Sur cette réflexion, j’ai consulté les offres de Thurgau Travel afin de me faire une idée sur les options pour un voyage ATE-compatible. L’entreprise familiale suisse-allemande propose des croisières fluviales dans le monde entier. Des bateaux à taille humaine sillonnent les eaux de 25 pays avec une offre très fournie. J’opte évidemment pour un voyage en Europe, dont le port de départ et d’arrivée soit accessible en bus ou en train depuis la Suisse. Ce sera le Danube et ses villes mythiques, de l’Allemagne à la Hongrie.

Embarquement en Allemagne

Le voyage commence à la gare de Zurich, d’où le bus part en direction du lac de Constance puis de la Bavière. Le bateau attend ses passagers dans la jolie ville de Passau. À bord, un équipage aux petits soins accueille les 140 voyageurs.

En toute fin de journée, nous larguons les amarres pour une nuit de navigation à travers l’Autriche. Le Danube est beau, mais pas aussi bleu que le laisse penser Strauss dans sa plus célèbre valse. Ses eaux calmes sont bordées de collines et de forêts dont elles reflètent le camaïeu de verts. Le bateau file silencieusement tandis que le soleil plonge derrière l’horizon.

Splendeurs d’Autriche

Nous atteignons Melk au petit matin. Première étape de notre voyage, la ville de Basse-Autriche est connue pour son abbaye bénédictine qui surplombe le Danube. Ses façades jaunes et blanches renferment plusieurs siècles d’histoire et de véritables joyaux d’architecture. On admire notamment la richesse de la grande église et la beauté de la bibliothèque.

Depuis le bateau, on contemple les paysages de la vallée de la Wachau. Les côteaux flanqués de vignes et d’abricotiers, les villages aux belles églises et la verdure, toujours omniprésente. Nous accostons à Vienne dans la soirée. La capitale autrichienne nous accueille le temps de profiter de son impressionnant décor et de son ambiance unique. La journée suivante nous permettra de nous aventurer dans son centre historique et ses majestueux palais où règne une fraîcheur bienvenue. Les rues sont animées et l’été accroche des sourires sur les visages.

Entre Buda et Pest

Au matin suivant, un rayon de soleil filtre par la fenêtre de la cabine. Sur la rive, le Parlement de Budapest nous accueille, imposant palais à l’image de la puissance de la Hongrie du début du 20e siècle. La capitale bouillonnante est née de la fusion de Buda et de Pest. Sur la rive occidentale, Buda est le quartier historique et aristocratique.

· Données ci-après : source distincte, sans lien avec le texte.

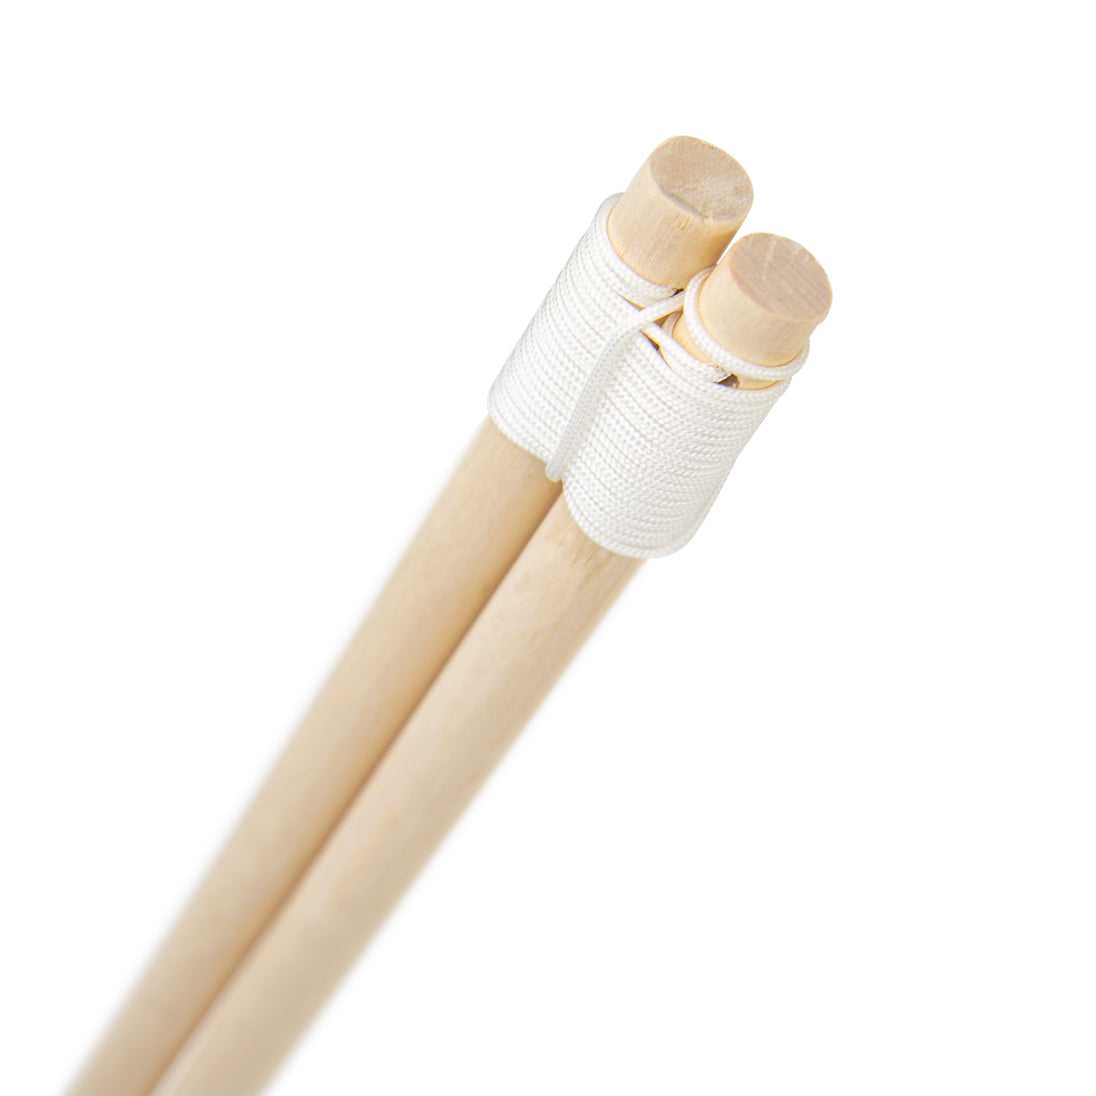 Close-up of ends of Wooden Sticks

On y trouve le château, le Bastion des pêcheurs et l’église Notre-Dame-de-l’Assomption de Budavár, dont le toit coloré rappelle la cathédrale Saint-Étienne de Vienne. Depuis les hauteurs, on profite d’un coup d’œil sur la ville et les eaux scintillantes du Danube.

A bord du tram jaune, on traverse le Danube pour rejoindre Pest, plus moderne, plus animée, plus commerciale. On visite le marché couvert où les spécialités locales – salami, paprika, fruits, fromage – se succèdent dans une explosion de couleurs et de saveurs. On s’éloigne de la rue piétonne aux enseignes familières pour parcourir les ruelles plus authentiques, jusqu’au pied de la cathédrale Saint-Étienne.

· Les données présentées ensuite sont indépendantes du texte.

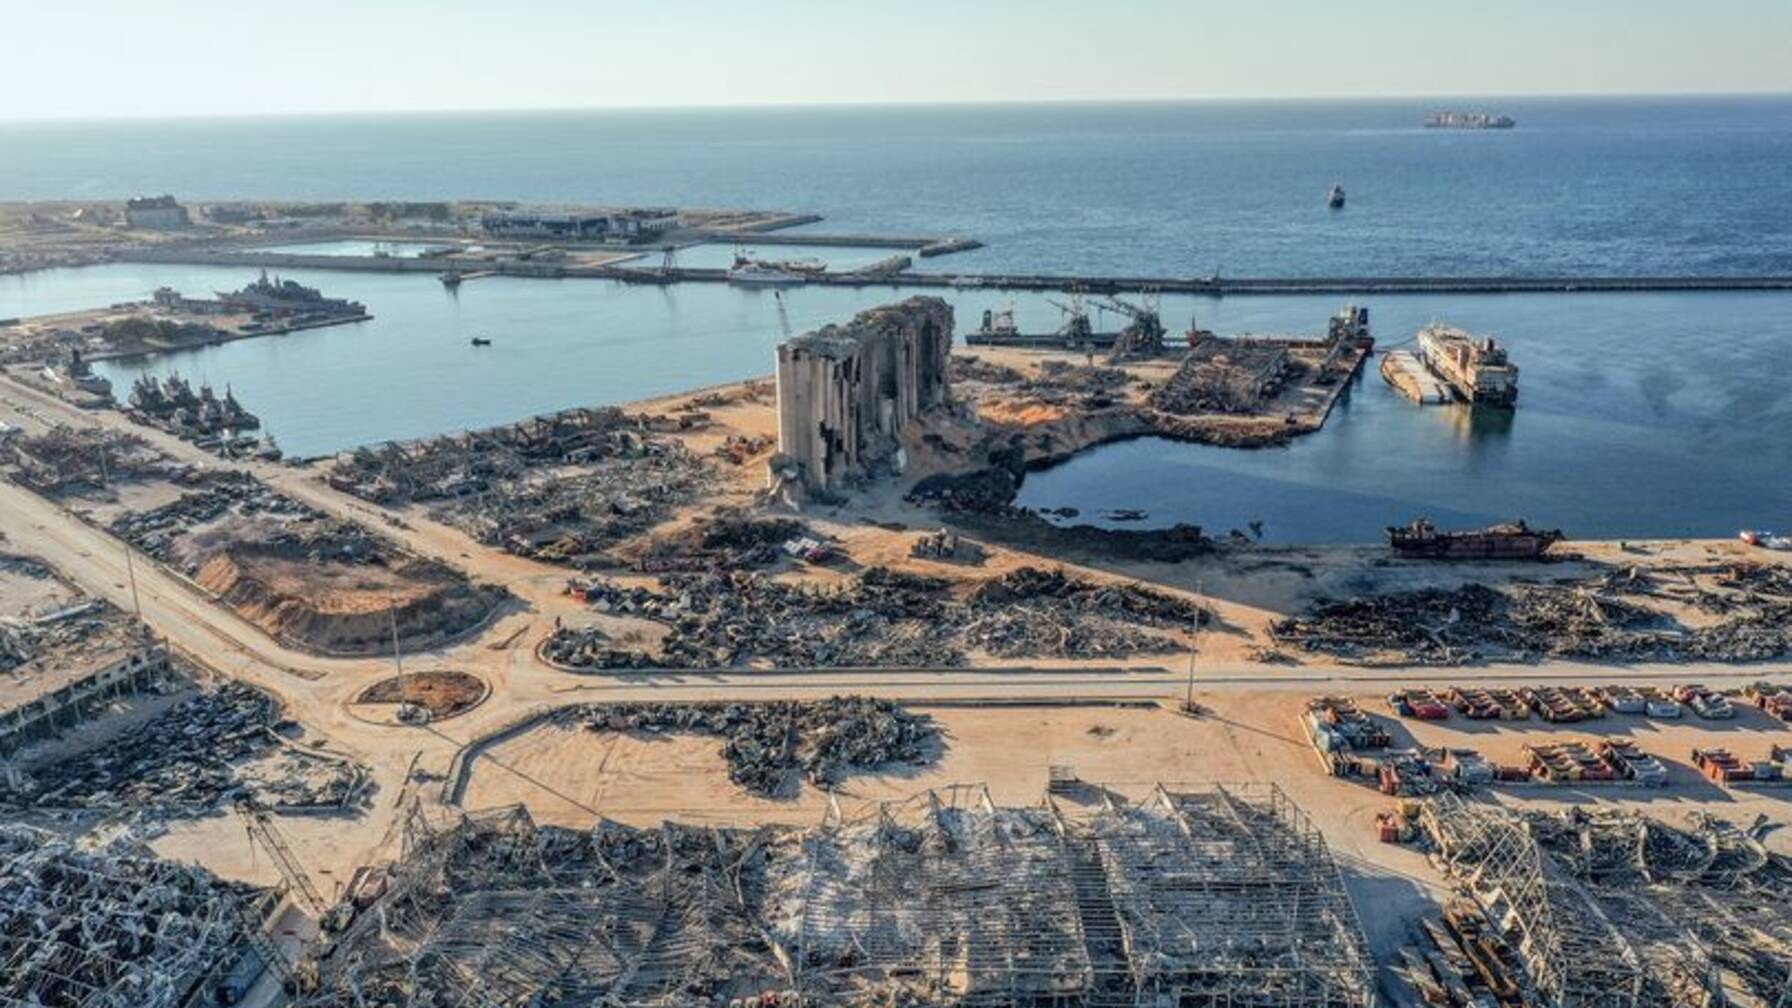 The port of Beirut about a month after the explosion. To this day, the remains of the grain silos stand like memorials.

Il faudrait prolonger cette escale de quelques jours pour jouir des multiples facettes de Budapest, mais la suite du voyage nous emmène déjà vers la campagne hongroise et ses traditions.

Au cœur de la puszta

Le mot puszta signifie «néant» en hongrois et caractérise les paysages de steppe qui s’étendent dès la sortie de Budapest. Une végétation sauvage au cœur de laquelle fleurissent des champs de tournesols. Ces terres, foulées par tant de peuples par le passé, sont le berceau d’activités agricoles et folkloriques. Elles illustrent la fusion de l’orient et de l’occident. On se laisse emporter par la magie de la démonstration des csikós, les cavaliers hongrois en costume traditionnel. Ils dressent leurs chevaux avec des fouets qu’ils fabriquent eux-mêmes. Aux abords des fermes coiffées de toits de chaume, les troupeaux de bétails paissent dans un silence apaisant.

Slovenská republika

Notre bateau a entamé le trajet inverse et remonte vers le Coude du Danube, au nord de Budapest. La petite cité de Visegrád nous accueille le temps de traverser les ruines de son palais royal. Les plus courageux s’aventureront jusqu’au sommet de la colline, d’où la citadelle offre un superbe point de vue.

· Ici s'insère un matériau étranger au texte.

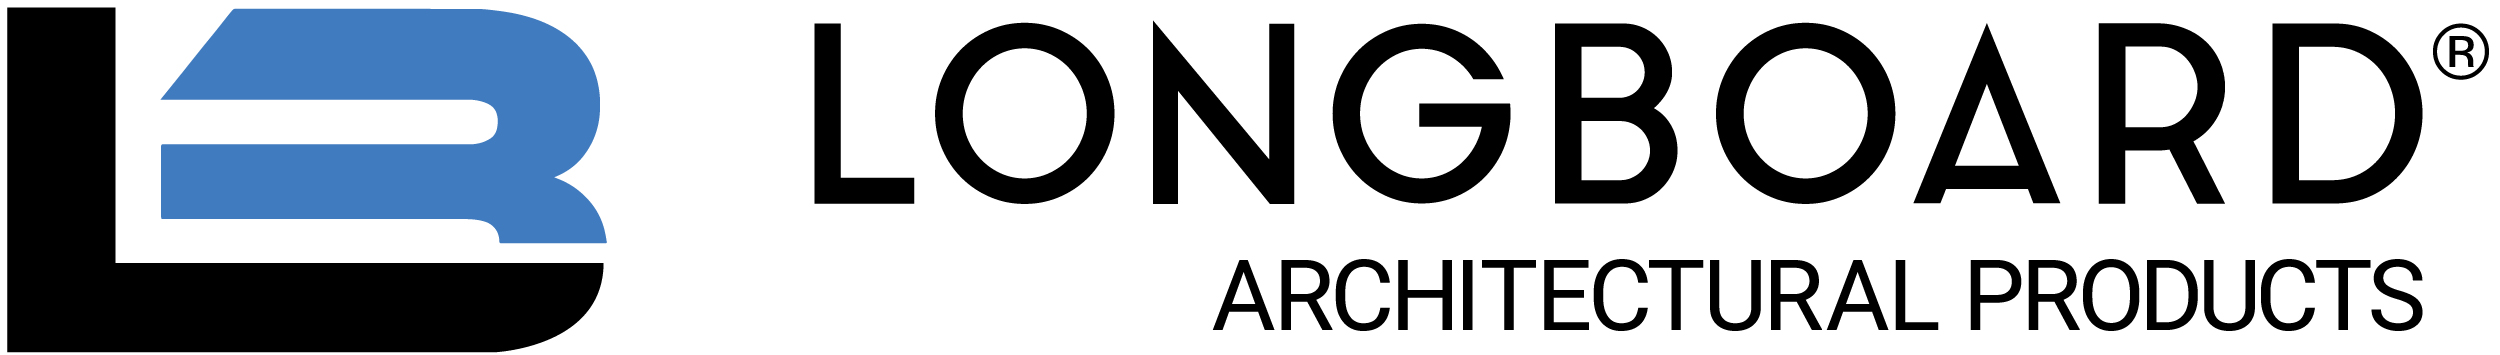 Longboard Architectural Products Logo

Nous quittons déjà la Hongrie pour découvrir Bratislava. La capitale slovaque dégage une atmosphère calme, loin de l’animation de Vienne ou de Budapest. Mais elle ne saurait pour autant nier l’influence du passage des Habsbourg, notamment sur son architecture. La visite débute par le château, situé sur les hauteurs de la ville. D’ici, on aperçoit la Hongrie et l’Autriche, toute proches. Au pied de la colline, la vieille ville et ses ruelles pavées au sol inégal invitent à la promenade. On admire la cathédrale Saint-Martin, la Porte Michel, surmontée d’un clocher à bulbe, et les façades pastel de la place principale. L’occasion de déguster une glace ou un verre de vin des Carpates slovaques.

Et retour!

De retour en Autriche, un dernier arrêt pluvieux nous permet de découvrir le joli village de Dürnstein. Un cortège de parapluie déambule dans ses étroites ruelles, le long des vignes et au pied de son église bleue. Le château médiéval veille sur la vallée de la Wachau. C’est ici que fut emprisonné Richard Cœur de Lion au 12e siècle. Une dernière nuit à bord nous permettra de rejoindre Passau, d’où nous repartirons vers la Suisse.

Réflexion

Durant cette semaine, nous avons parcouru un peu plus de mille kilomètres sur le Danube et le bateau a rejeté plusieurs dizaines de milliers de litres de diesel. Le chiffre est effrayant, mais avec quelques kilomètres en bus, c’est pratiquement le seul carburant utilisé pendant le séjour. Divisé par le nombre de passagers et mis en perspective avec le nombre de villes visitées, le bilan est nuancé. Mais cette réflexion se concentre sur le système de propulsion; il ne faut pas négliger l’impact de la vie à bord de cet hôtel flottant et le comportement des passagers.

Le séjour a été somptueux, rythmé de visites dépaysantes entre ville et campagne, tradition et innovation. Mais la réflexion sur notre façon de voyager et son impact sur la planète ne doit pas s’arrêter là. Pour cette raison, je vous proposerai un entretien avec la responsable de Thurgau Travel dans la prochaine édition du magazine ATE. L’occasion de lui demander quels engagements écologiques sont à l’agenda de l’entreprise. Qui sait, peut-être que l’avenir s’annonce plus vert. Paradoxalement, cela redonnerait certainement au Danube sa couleur bleue mythique.